This is the second time I’ve massacred a quote from former Secretary of Defense Donald Rumsfeld, and while I personally have no love for the man, he’s a font of applicable and interesting quotations on the subject of battle tactics, strategy, and resource management. This particular quote comes from a hearing in which he was asked about armor that was not provided to troops in Iraq — and in an historic response, he said, “…you go to war with the army you have — not the army you want or wish to have at a later time…”
This is a principle that I really wish more Product Managers would adopt, particularly those who come from technical backgrounds, and who believe that they are capable of assessing the technical skill of the developers, testers, and designers who work on their product. It’s another classic “trees for the forest” problem – focusing on details that may or may not be pertinent to the goals that you have in mind, but which are interesting and engaging. The skills of the teams you work with certainly can affect the outcome of your efforts, but as a Product Manager, you rarely (if ever) have control over those resources.
The skills of the teams you work with can affect the outcome of your effort, but you rarely have direct control over those resources.
Thus, you go to market with the dev team you have, not the dev team you want.
Now, this isn’t a situation or a case where you just throw your hands up and do nothing about poor performance. But it’s also a case where you have to use your abilities and skills to lead through influence, rather than jumping in and attempting to leverage your “position” over these people.
Let’s be honest – Product Management is rarely, if ever, a personnel management role. Developers, testers, and designers almost always report up through an entirely different and separate chain of command from that of Product Management. And, when it comes to performance issues, or technical knowledge or skill, it’s rarely the province of the Product Manager to weigh in on who should be on which teams at which times.
So, what do you do when you feel or believe that you’ve been given a team that lacks the technical capability to perform to the level that you want them to?
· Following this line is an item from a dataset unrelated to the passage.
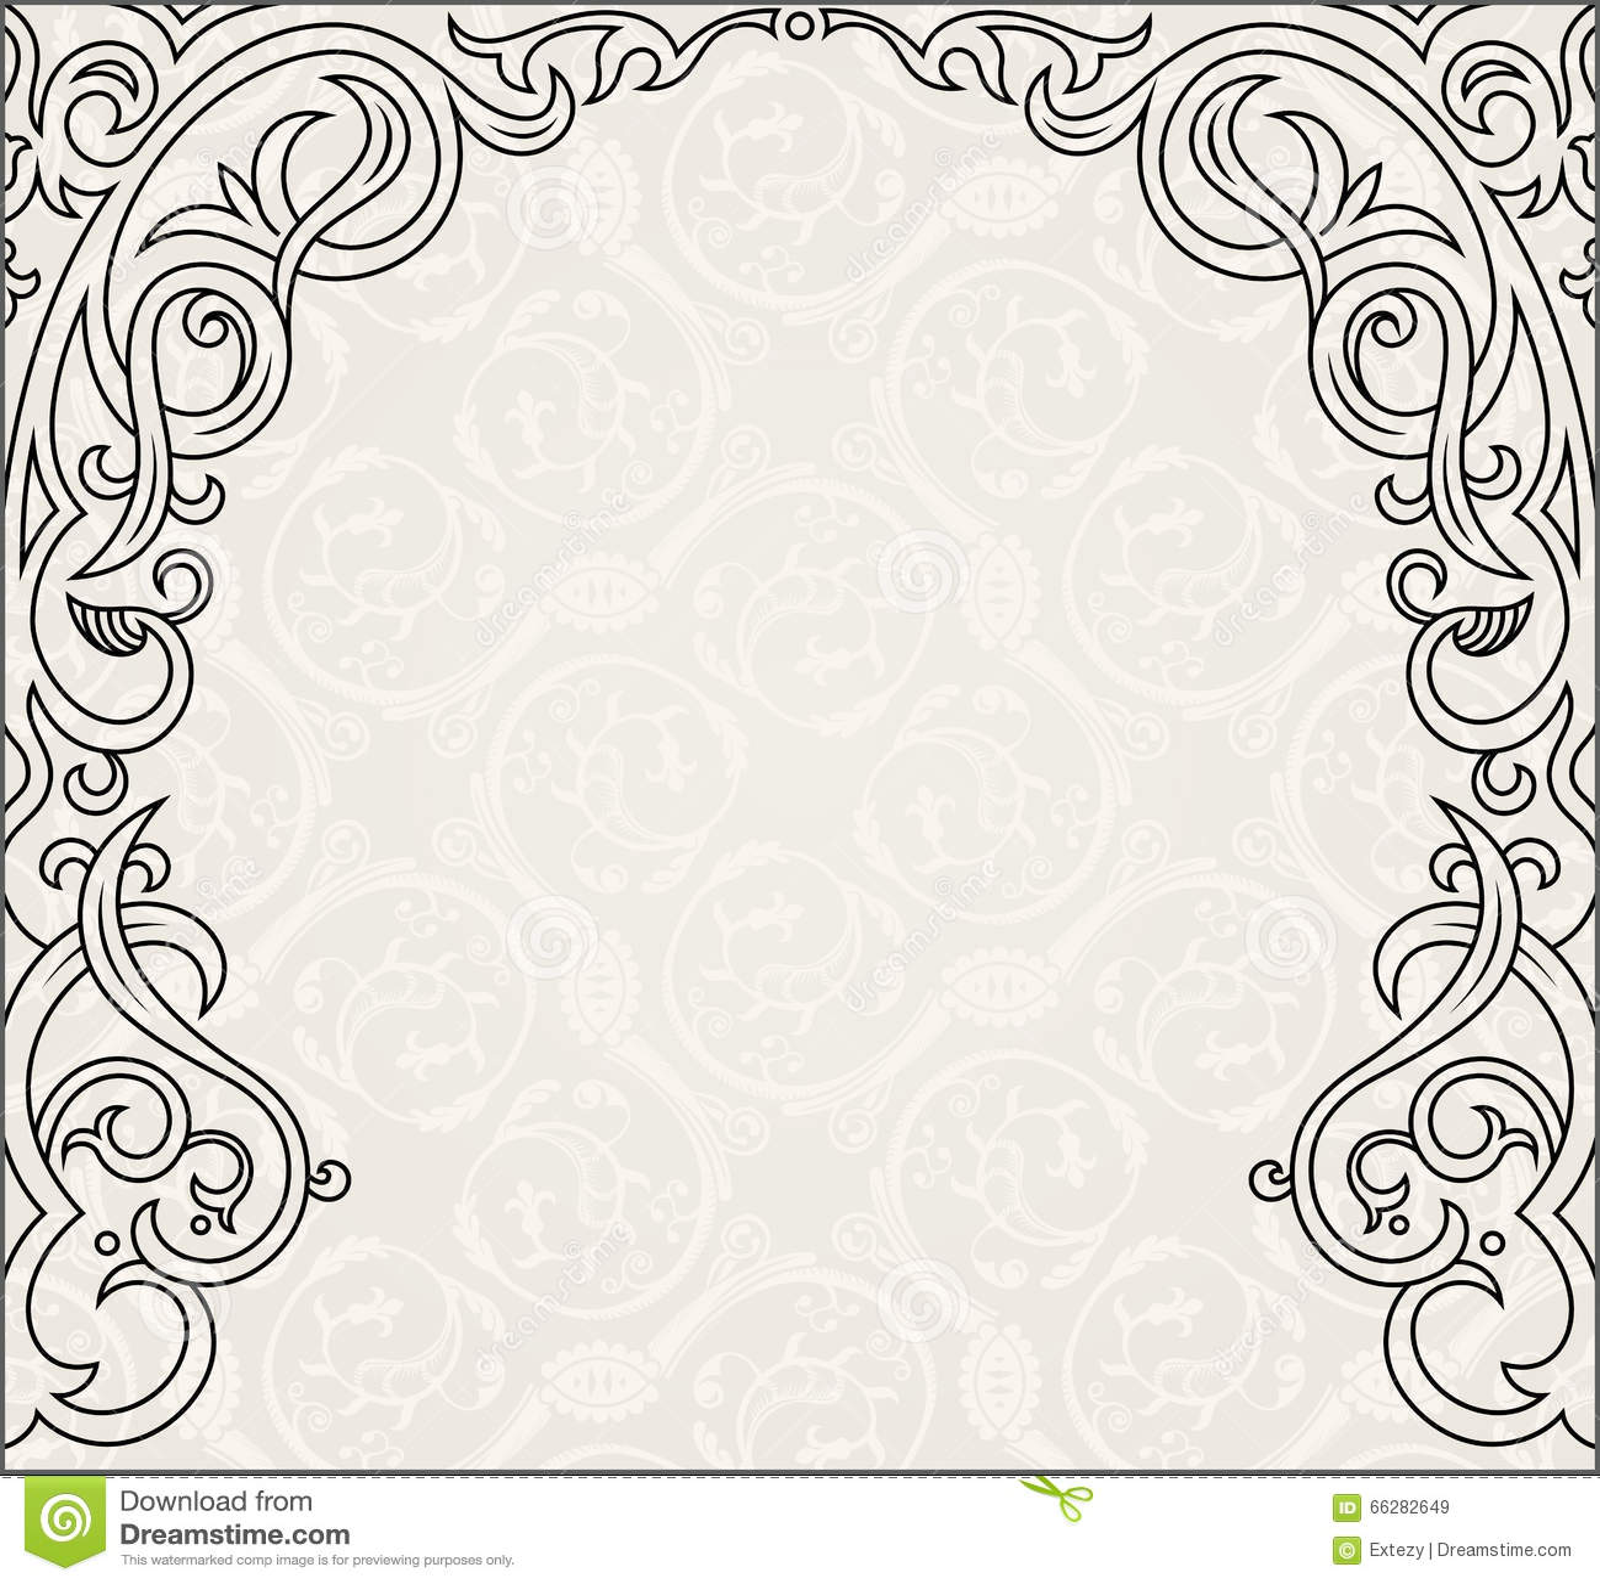 Arabic greeting vector background arch muslim mosque stock vector arabic greeting vector background arch muslim mosque m4hsunfo

You lead them, and they either fulfill your expectations as a leader, or they don’t.
What does that mean? It means giving everyone a chance to perform, to do the work that you need and want them to do. It means accepting that some devs might have weaknesses in some areas — but they certainly have strengths in others. It means identifying those strengths and helping them to use those to both your advantage and theirs. It means taking a risk and testing out the team to see what they can actually do.
Take a risk and test out the team; see what they can actually do.
This does not mean, however, that you just let a poorly-performing team sink your product or your strategy. Rather, you give a team like this just enough rope to hang themselves, if they so choose. You provide them with a backlog of work that’s sufficiently challenging, but not such that it’s certain to cause them to fail. And you assess their performance against this backlog every single sprint. If they’re improving, see how much more they can do, how much more they can take. If they’re not, you’ve at least gathered some objective data about what they can and cannot do, which you can then present and act on.
As with most things related to Product Management, your personal beliefs about your dev team — what they can do, what they can’t do, what their limits are — are just that, beliefs. They’re not data, they’re not objective, and they’re not something you want to spend your social capital on trying to exert your influence. Just like with customer data, data related to the performance of a team is objective and measurable — it’s information that relates to the topic at hand, without being prejudicial. And, when faced with objective data regarding the performance of the team, your superiors and development management can make informed decisions that they can back up as well — and if your product/project is important enough, change will happen.